Любимой, чужой, живущей на старом свете,
присниться – живым – на снежном пустом причале,
ещё до войны, до пули, за прежним бытом,
и ключ от себя найти на кольце с ключами,
потерянном там, в забитом толпой забытом.
СТАРЫЙ ИТАЛЬЯНСКИЙ СОНЕТ
В потоке слов, холодном и искристом,
иду в тенях под гаснущей листвой
по роще апельсиновой, за свистом
и щебетом, всю жизнь – на голос твой.
Но замираю пред каскадом чистым,
увидев за смеющейся водой
две серые жемчужины в пушистом
мерцании оправы золотой.
И думаю, невольно сгорбив спину,
о рифмах, что плывут из глубины
глядящей на меня жемчужной бездны.
И что стихи подобны апельсину
без косточек: так сладки, так нежны…
Так бесполезны.
* * *
Болеро. Граммофон. Проходные дворы.
Мимо юных пожаров по веткам скользя,
я услышу, как в небе поют топоры,
точно ангелы. И обернуться нельзя.
И проснуться нельзя. Только медленный свет,
только шорох иглы по изгибам реки,
и ползут, оставляя светящийся след,
по ресницам оранжевые мотыльки.
Ненадёжное сердце, стыдясь хрипотцы,
тянет время – по жилам, вперёд и назад,
и на правом предсмертии жизни рубцы
набухают кленовым огнём. Листопад.
На горящих листах ты отыщешь меня,
и допишешь простым граммофонным пером
к партитуре реки и ночного огня,
и короткого вдоха любви. Болеро.
* * *
Закон насыщения пропасти. Здесь, у ног,
кончается карта. Край обожжён и скручен.
Когда с тобой слишком долго беседует бог
ты привыкаешь, и бог становится скучен.
Кто-то подходит, и дышит едва-едва,
и гладит предплечья, и нежно толкает сзади.
Книга закончена, если твои слова
трогают сердце, но не оставляют ссадин.
Огонь листает бумагу. Вчерашний блюз
несёт по каньону юго-западный ветер.
Цветы улетают в Колумбию, я становлюсь
бесцветен.
ЭПИЛОГ
Голова по жаре – что простреленный солнцем брелок.
Вереница хромых колесниц, уводя в эпилог,
точно время, растянется в дымке – тяжёлой и слабой.
Я шепну: осторожно… Конечно. Всегда и везде.

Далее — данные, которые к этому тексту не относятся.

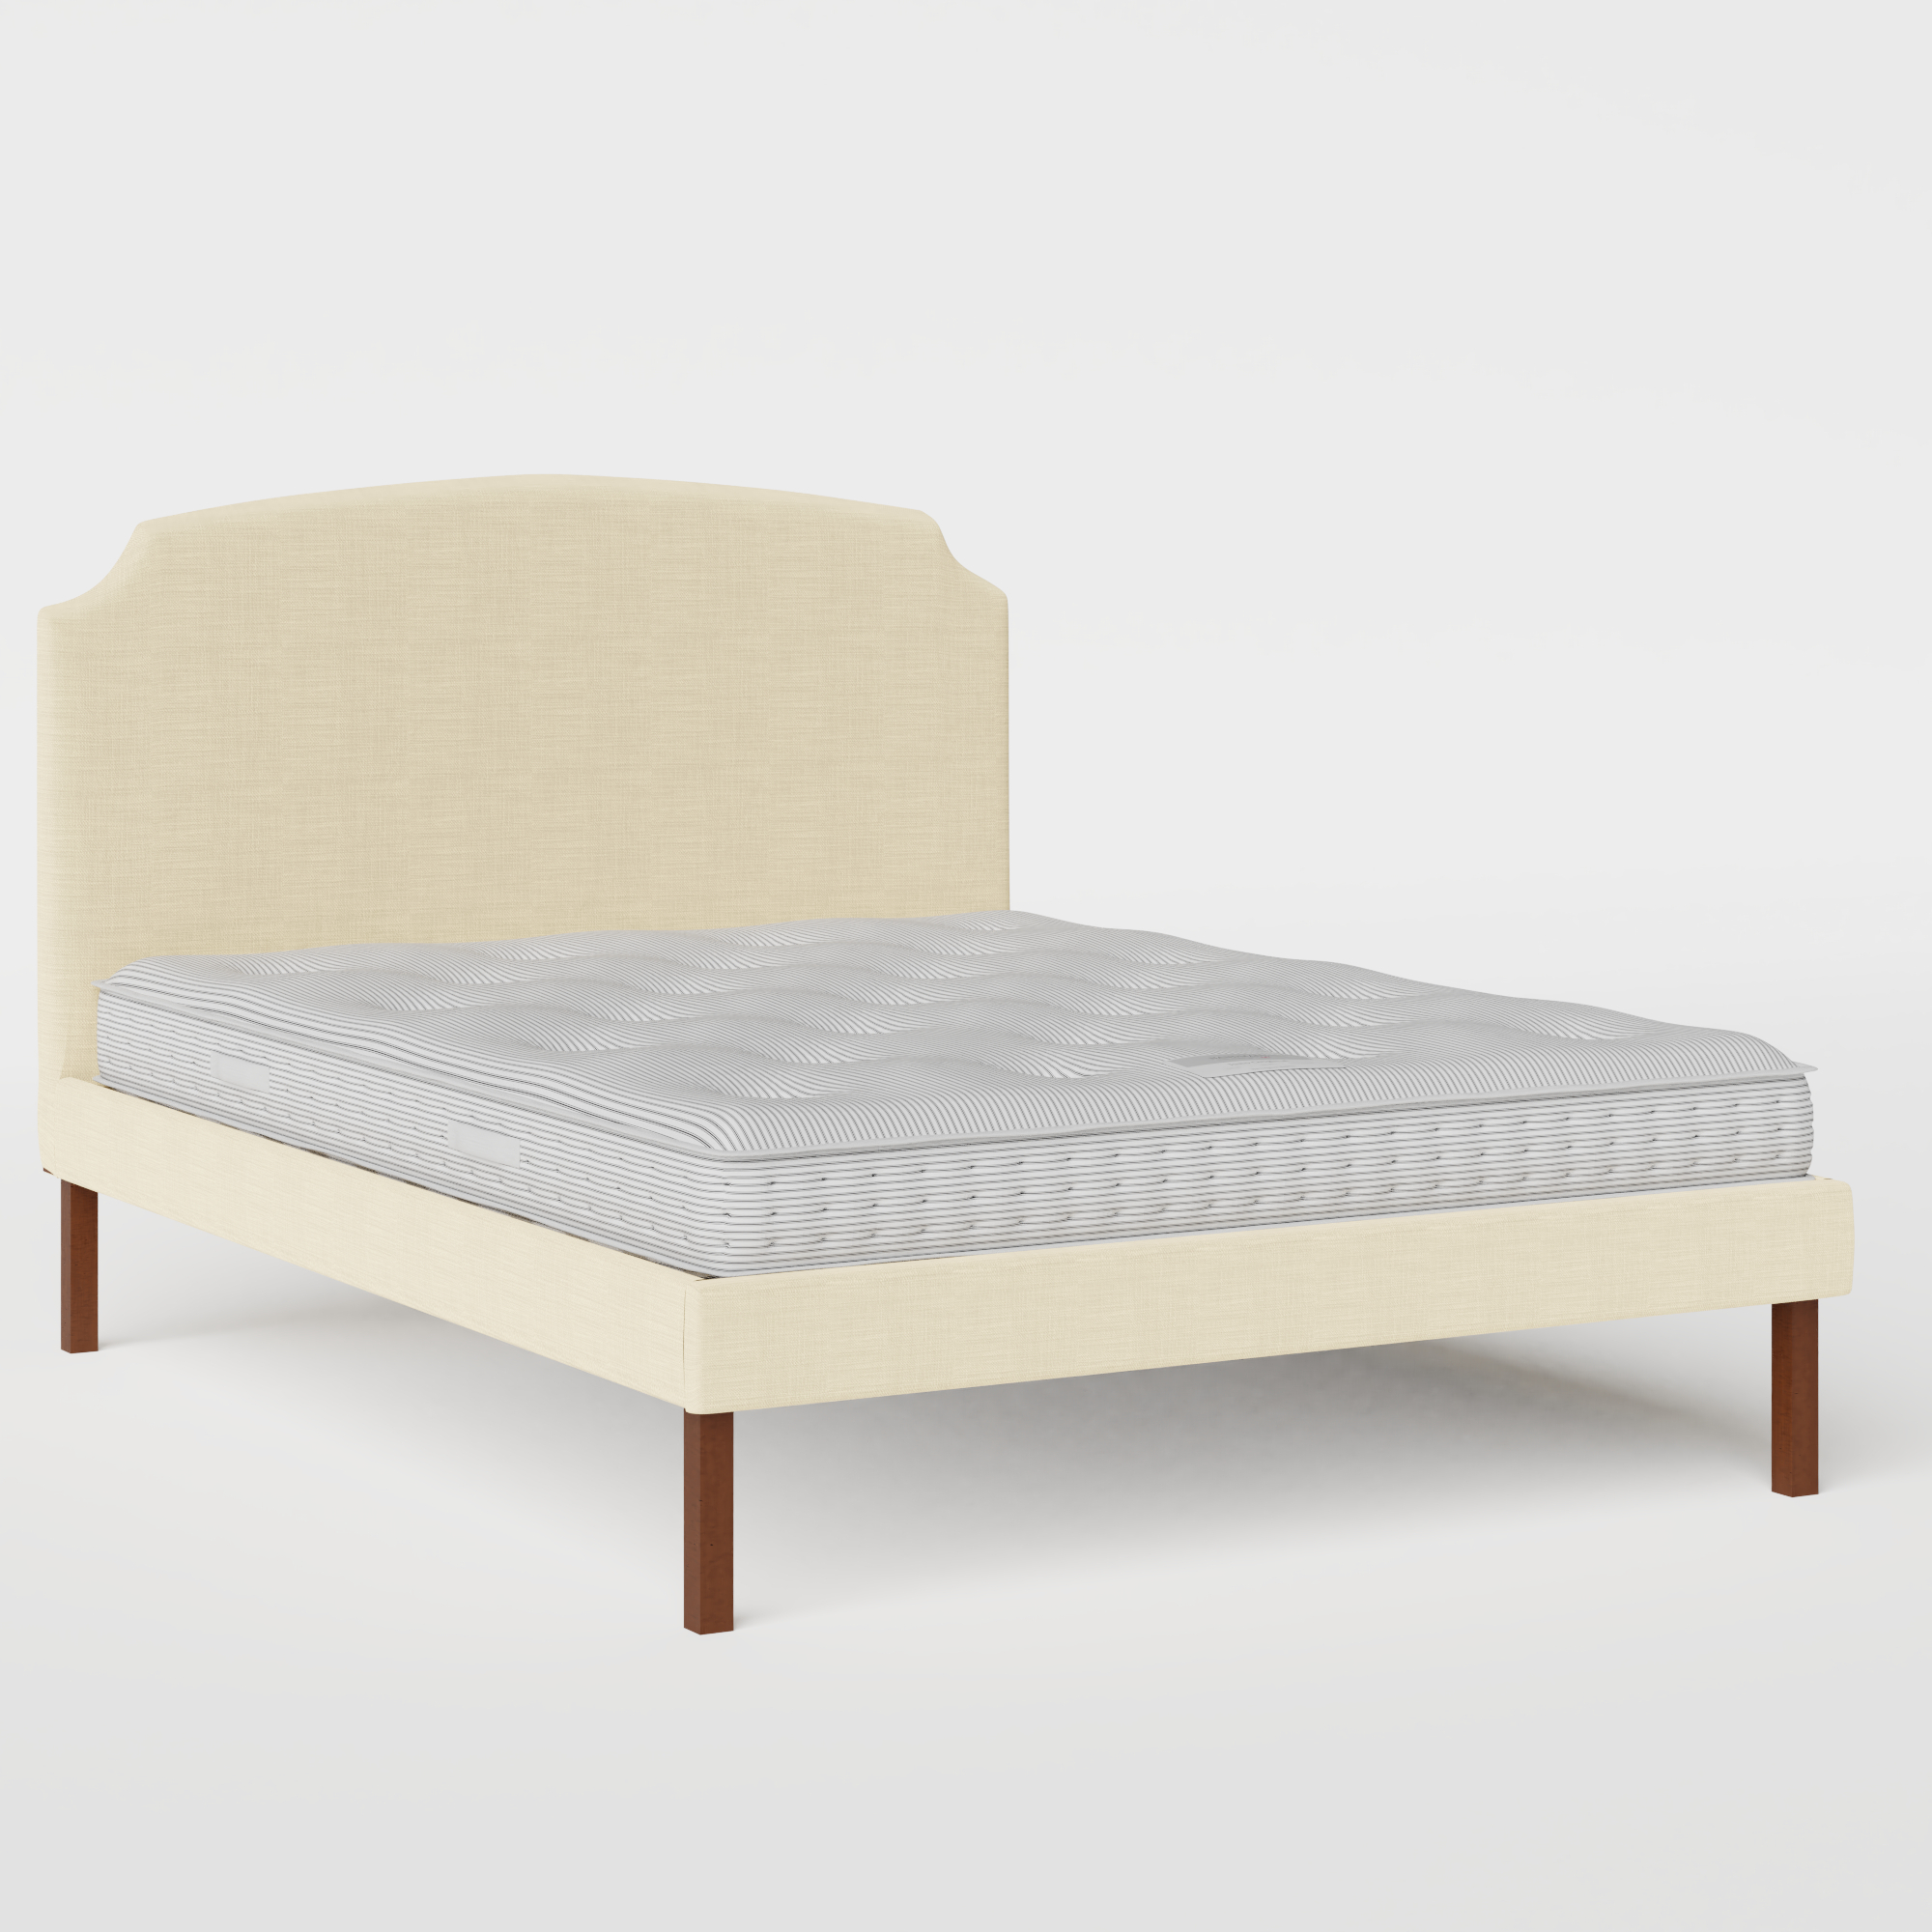 Kobe Upholstered cama tapizada en tela natural

Так подходит усталый медведь к незнакомой воде,
но не пьёт, а легонько касается лапой.
Здесь, на кончиках пальцев, уже не бывает войны,
и лукавый сюжет не играет на чувстве вины,
и бегущим огням помогает трава луговая
сумасшедшим дыханием в горле удерживать свет,
и любить, не боясь, что тебя не полюбят в ответ,
и ресницы обжечь, с одуванчика пепел сдувая.
Безучастным волам пригрозив рукоятью кнута,
ты вздохнёшь и придумаешь пару морщинок у рта,
и покатые плечи, и ладанку с пепельной прядью…
Там, в последней главе, ты с улыбкой стоял у окна
и смотрел, как влюблённо в ответ улыбалась жена,
примеряя у старого зеркала новое платье.
Допиши: на передней повозке поёт лицедей.
В этом медленном времени быстроживущих людей
чем ещё размочить запылённый сухарь эпилога?
Колесницы плетутся со скоростью роста ресниц,
и, вмерзая в закат, расплываются лица возниц,
будто тёмные пятна в подмышках у бога.